Un niño que se llamaba Fernando, o Fernandito, estaba delante de la
mujer mosca, la mujer de Domingo, y empezaba a mentir.
Ya sé que soy yo pero en realidad no puedo ser yo, porque yo soy yo, y no
un mentiroso, ni un niño que inventa cosas feas sobre su padre. Así que fue
ese niño, Fernandito, no yo, el que mintió. Mi padre estuvo sintiéndose mal
mucho tiempo por culpa de lo que yo le había dicho a la vecina.
—¿Por qué, Fernando, por qué has dicho eso? ¿Por qué? Los mayores, y
especialmente los padres, piensan que hay que tener razones muy serias y
muy razonadas para hacer las cosas.
—¿Por qué quieres hacernos daño, Fernando? ¿Por qué?
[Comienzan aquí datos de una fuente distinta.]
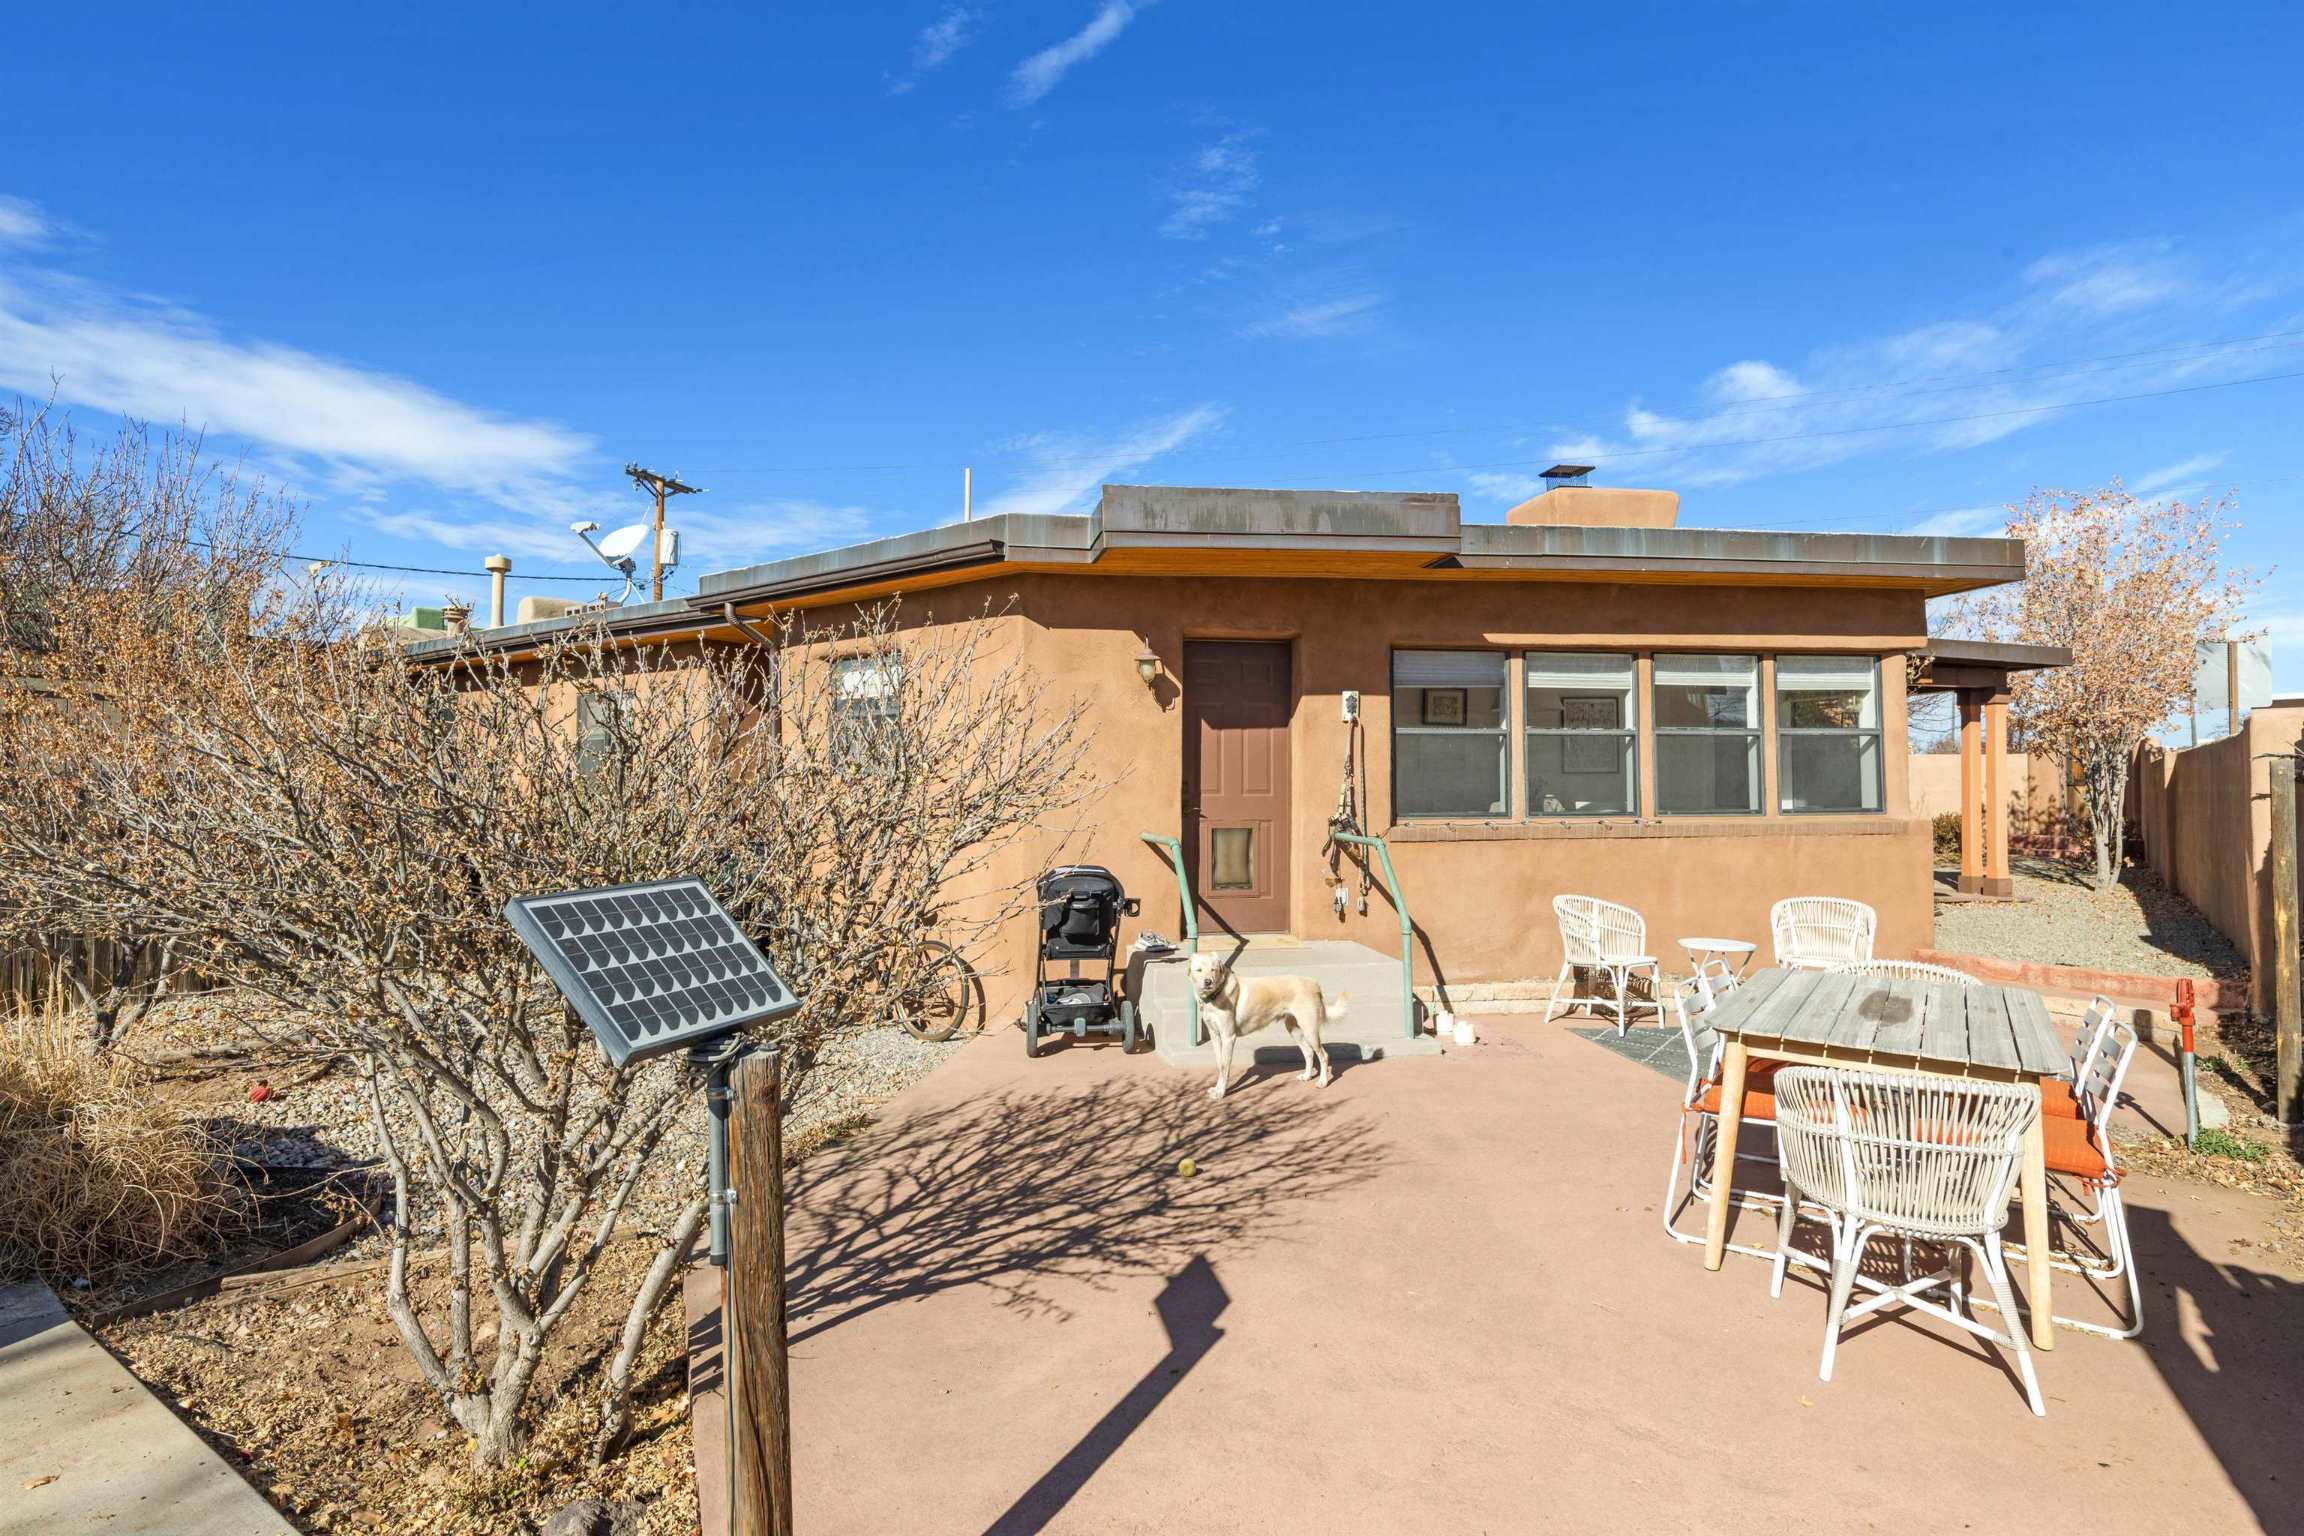 1324 Hickox, Santa Fe, New Mexico 87505, 3 Bedrooms Bedrooms, ,2 BathroomsBathrooms,Residential,For Sale,1324 Hickox,202105139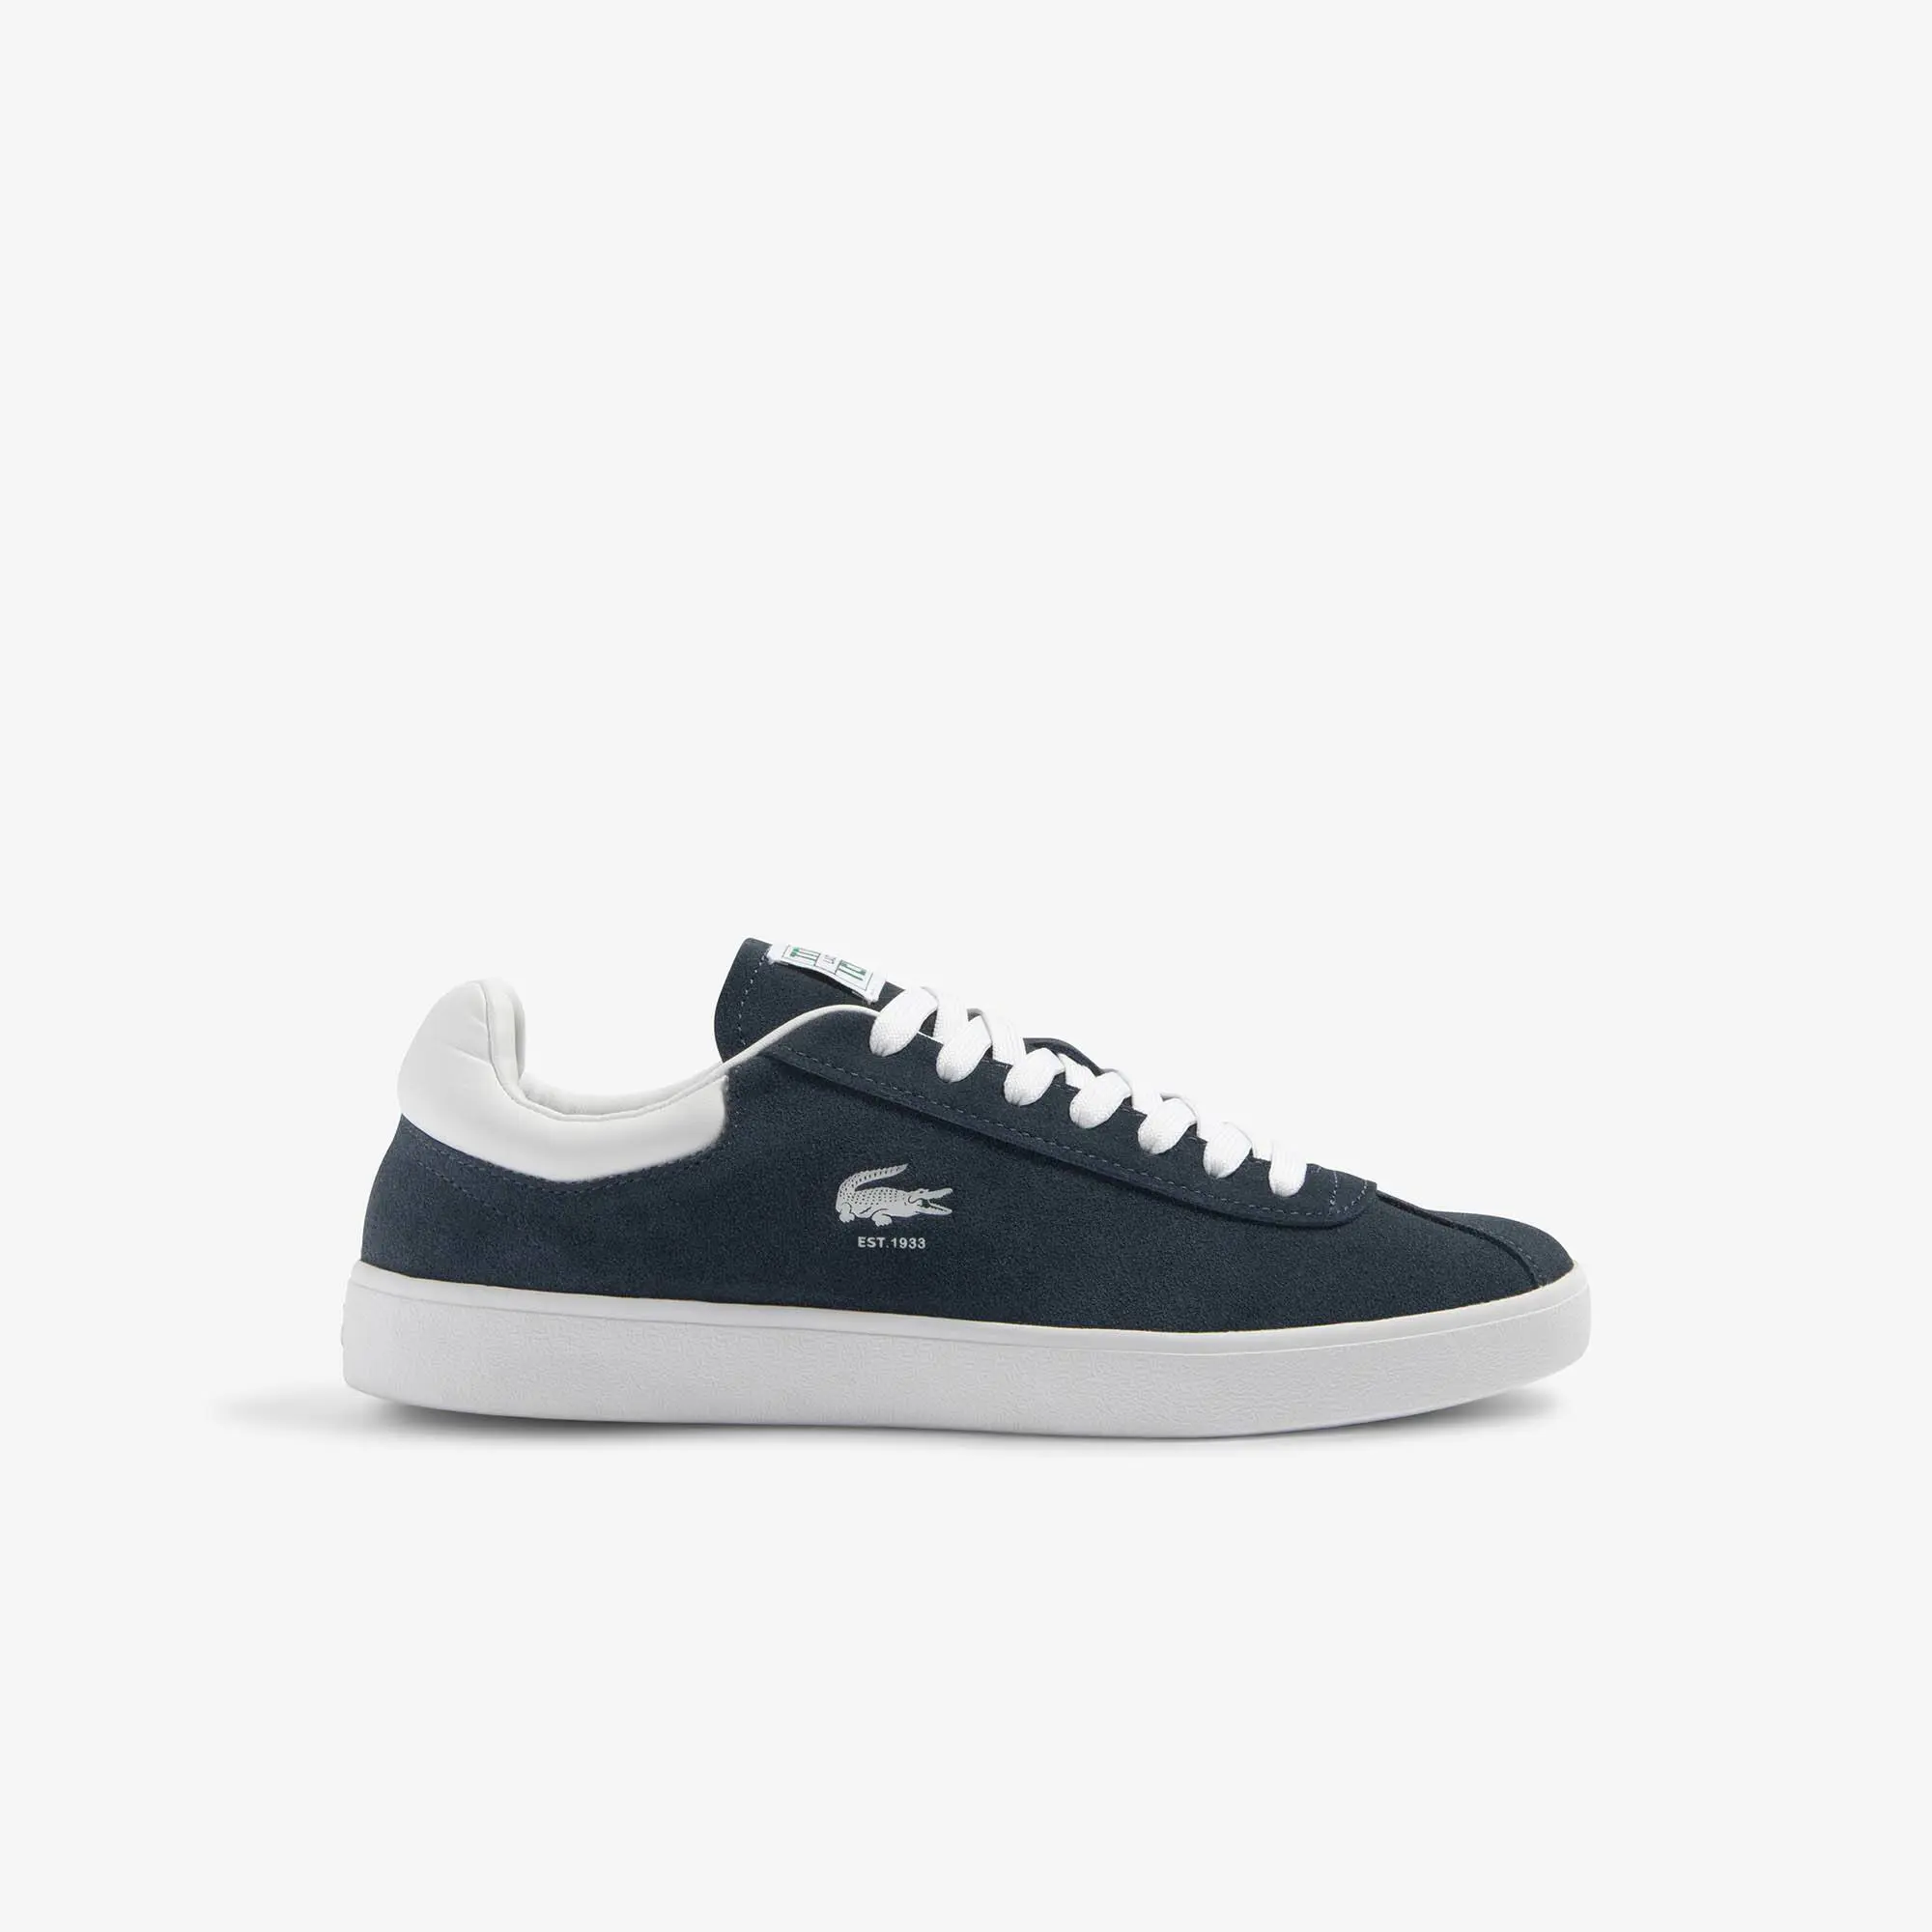 Lacoste Men's Baseshot Suede Trainers. 1

Los mayores deciden lo grave que es algo según tenga que ver con ellos o
no. Cuando Fátima se cambió de pupitre y las cosas se pusieron tan raras con
ella, y yo lo conté en casa, incluso se rieron. Pero si yo digo que mi padre ha
estado besando a una mujer en la escalera, entonces se arma un escándalo
terrible, y «este niño tiene problemas» y «a ver qué va a pensar la vecina» y
«a ver qué van a pensar todos».
Me llevaron a un sitio que no parecía una clínica, pero que por lo visto sí
era una clínica.
Y allí había un psicólogo que no era un psicólogo, sino una psicóloga muy
joven y muy guapa, y que me hizo muchas preguntas y me mandó dibujar
muchas cosas.
—Dibuja una familia —dijo la psicóloga un día después de comer.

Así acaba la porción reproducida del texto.